Les développements en Suisse durant la Première Guerre mondiale ressemblent à ceux des pays voisins. Les inégalités ont énormément augmenté, avec une croissance de la pauvreté et de la faim d’un côté et un énorme enrichissement des spéculateurs et des capitalistes de l’autre côté. Cela a entraîné une large radicalisation et toujours plus de manifestations et de grèves. Le parti socialiste (PS) avait conclu une union sacrée avec la bourgeoisie au début de la guerre, soutenait le régime de pleins pouvoirs du Conseil fédéral et avait ainsi renoncé à la lutte des classes. 

La politique initiale de défense de la patrie a entraîné une division au sein du PS, cette dernière étant alimentée par la présence de Lénine en Suisse. Mais ce sont les grands événements suivants, la révolution russe de 1917, la grève générale nationale de 1918 et la fondation de  l’Internationale communiste (Comintern) en 1919, qui ont définitivement divisé le PS en deux camps.
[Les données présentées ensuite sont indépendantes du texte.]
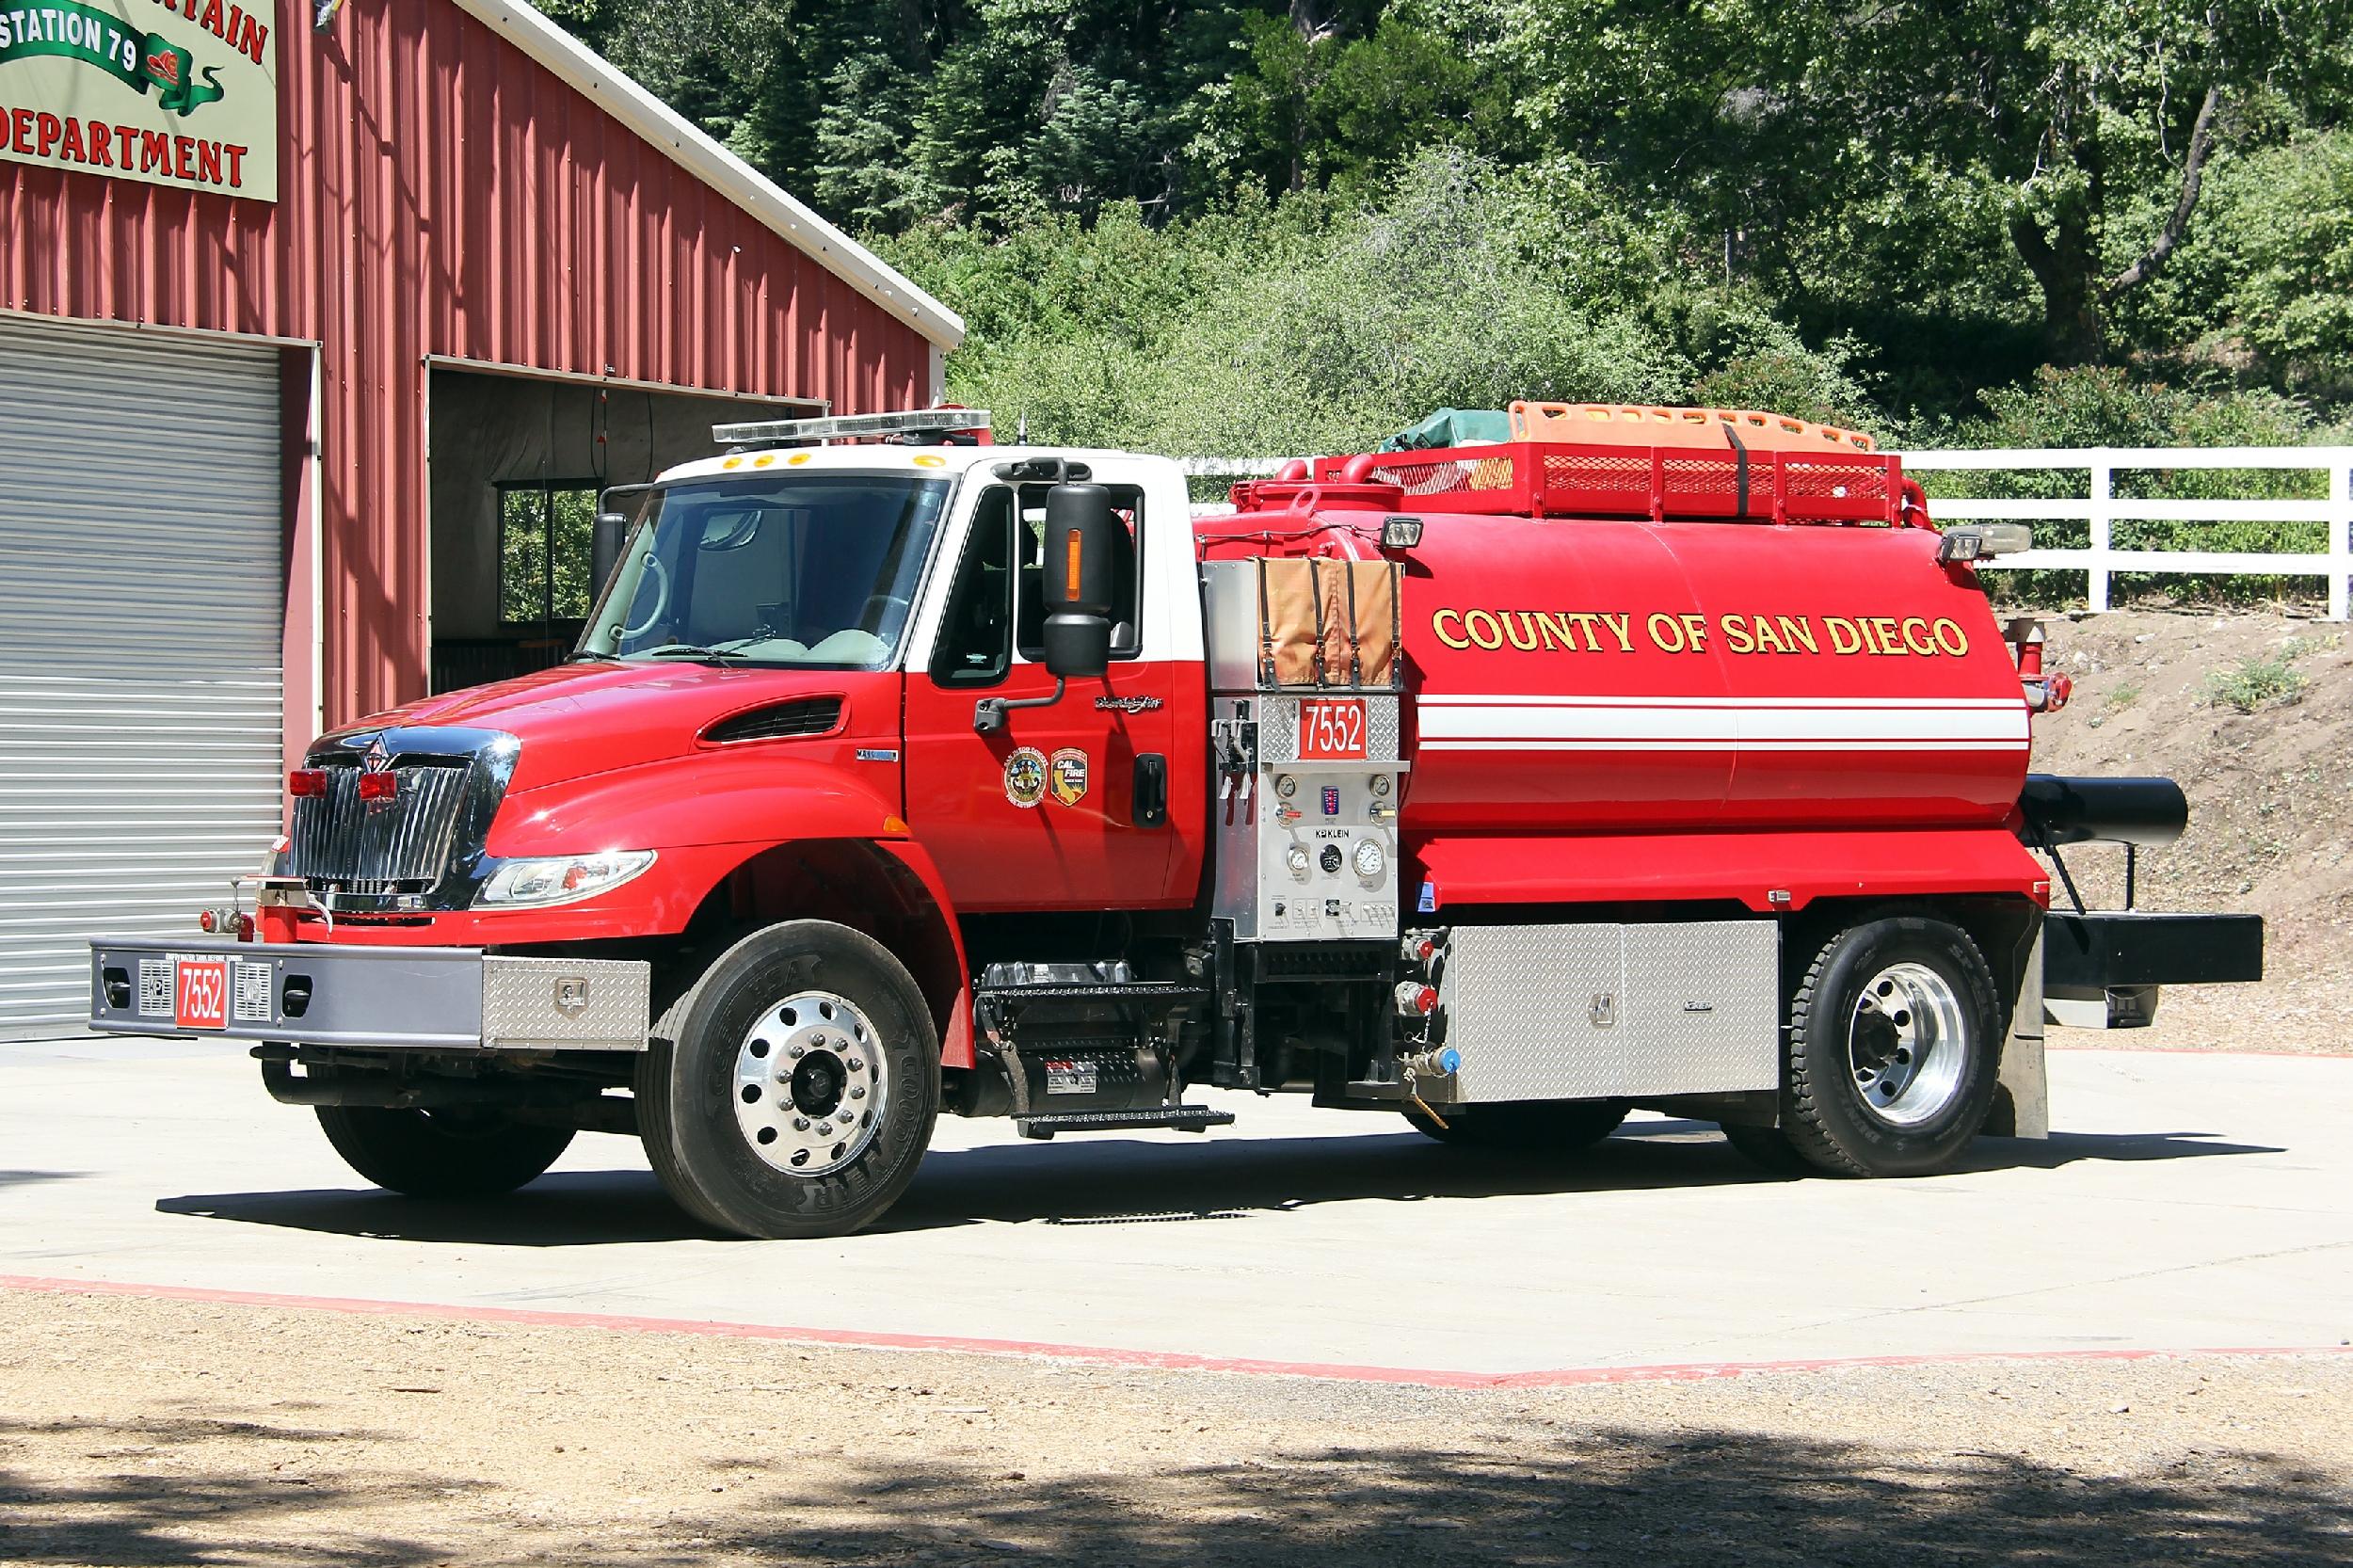 CA, Palomar Mountain Volunteer Fire Department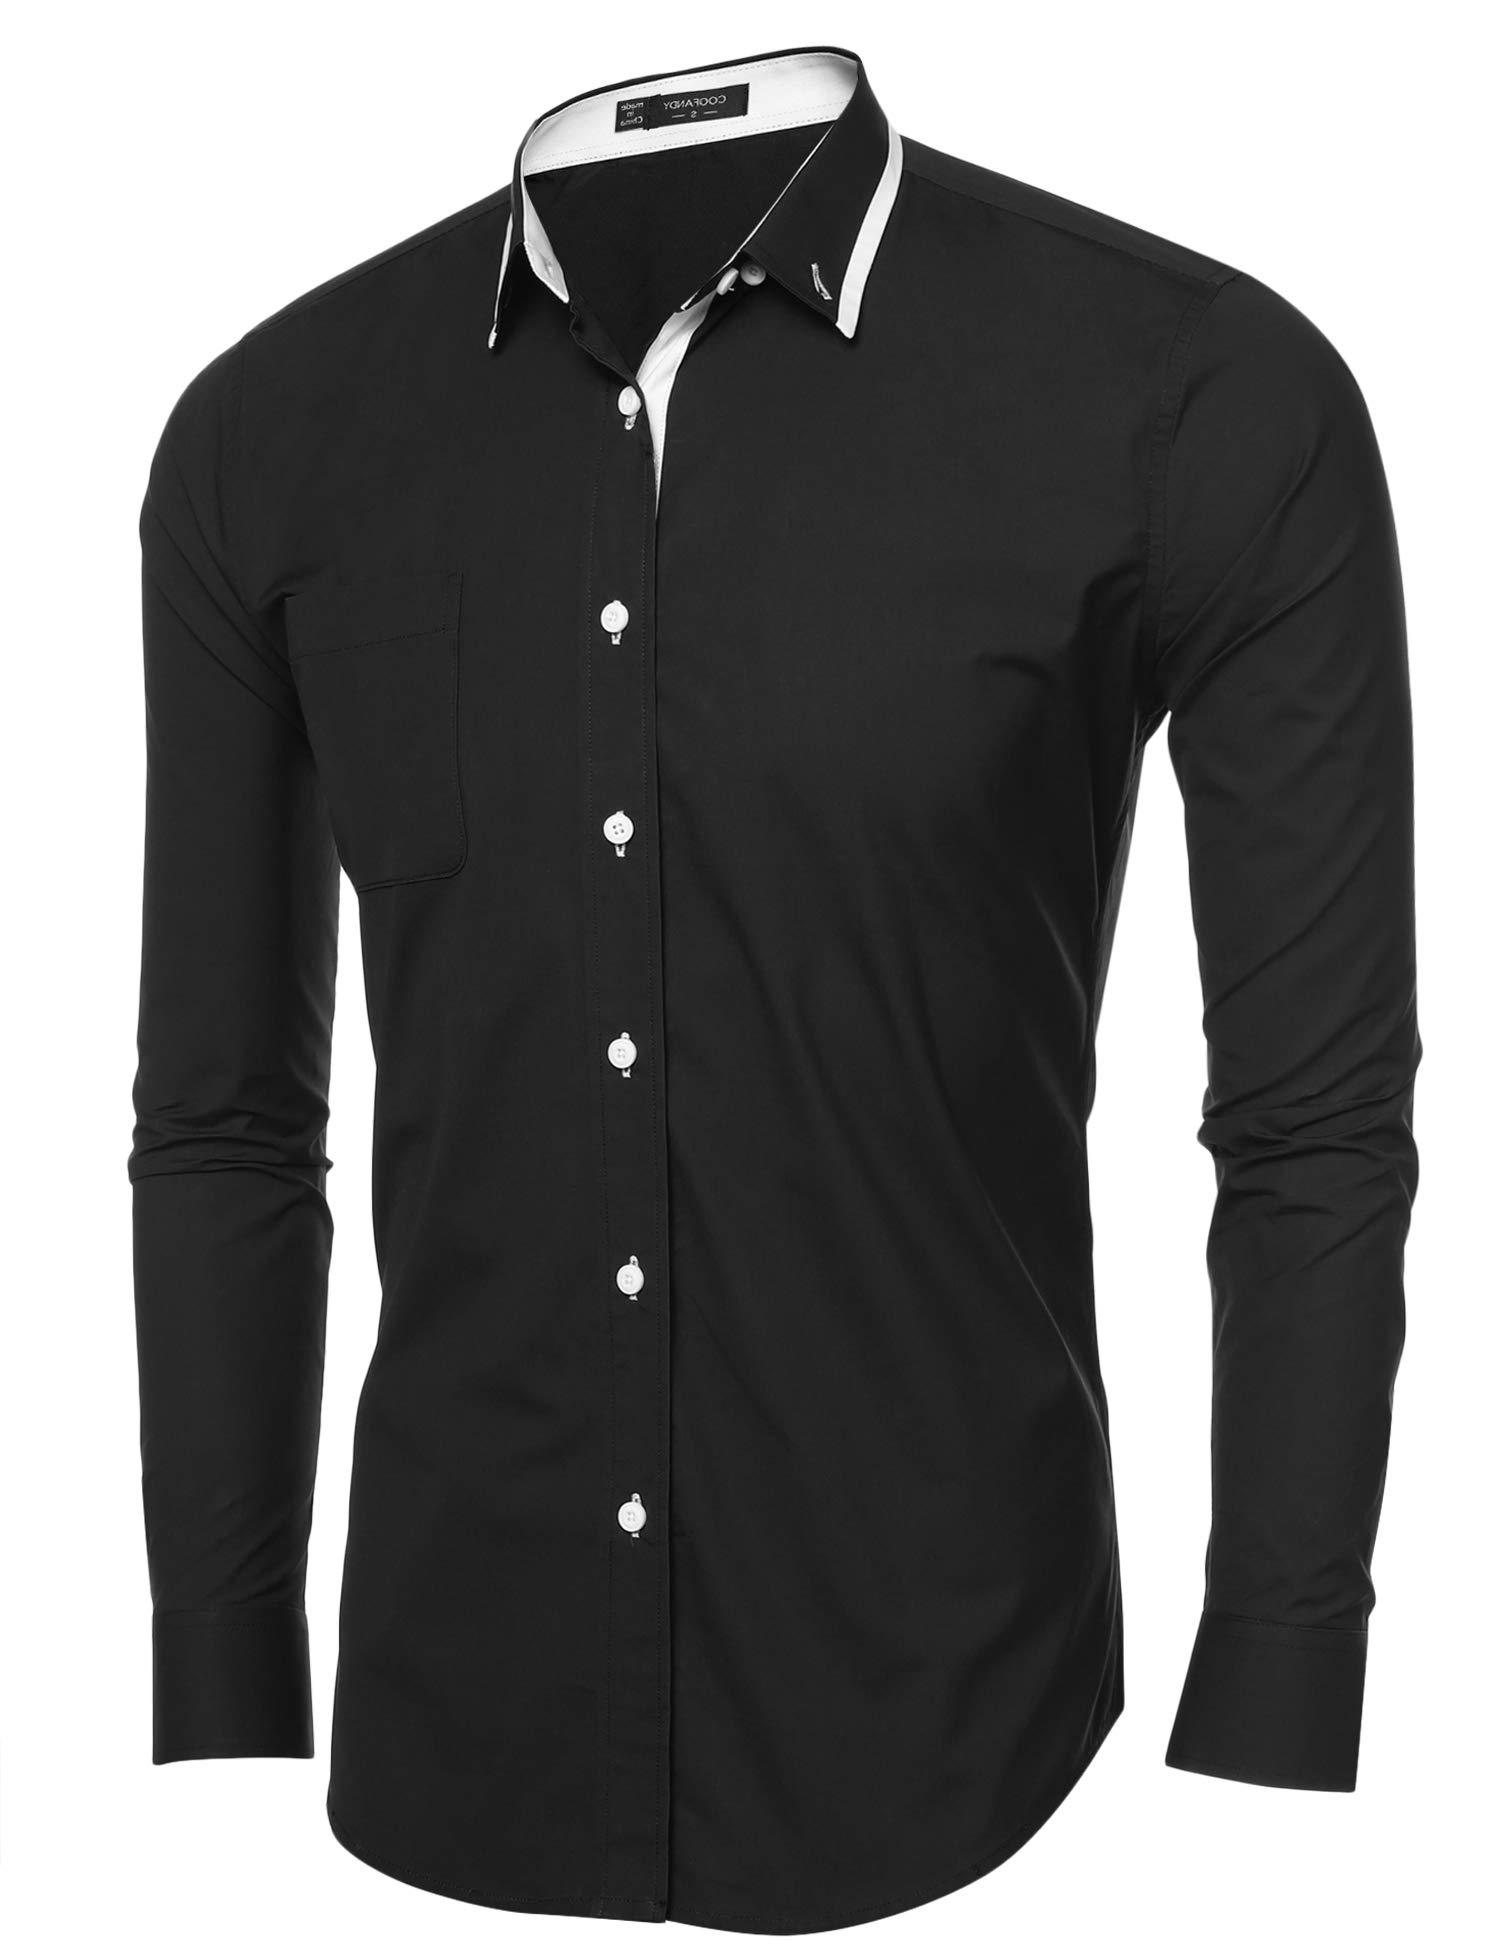 COOFANDY Mens Casual Slim Fit Long Sleeve Shirt Dress Shirts(Black,Medium)

Après quelques tergiversations, l’aile gauche quitte le PS à la fin de 1920 et s’unit les 5 et 6 mars à l’Eintracht de Zurich avec les vieux communistes et la jeunesse socialiste (JS) pour devenir le PCS. La division entre les réformistes et les centristes d’un côté et les révolutionnaires de l’autre avait trouvé une expression organisationnelle. Cela a été un grand pas en avant. 

Premiers succès et défis

Lors de sa fondation, le PCS a gagné 6’000 membres, trois conseillers nationaux, des sections entières du PS (notamment celle de Schaffhouse) et le journal du parti à Bâle. Les grands événements avaient posé les bases pour un parti communiste de masse. La couche la plus avancée de la classe ouvrière avait répondu avec enthousiasme à l’appel des révolutionnaires. 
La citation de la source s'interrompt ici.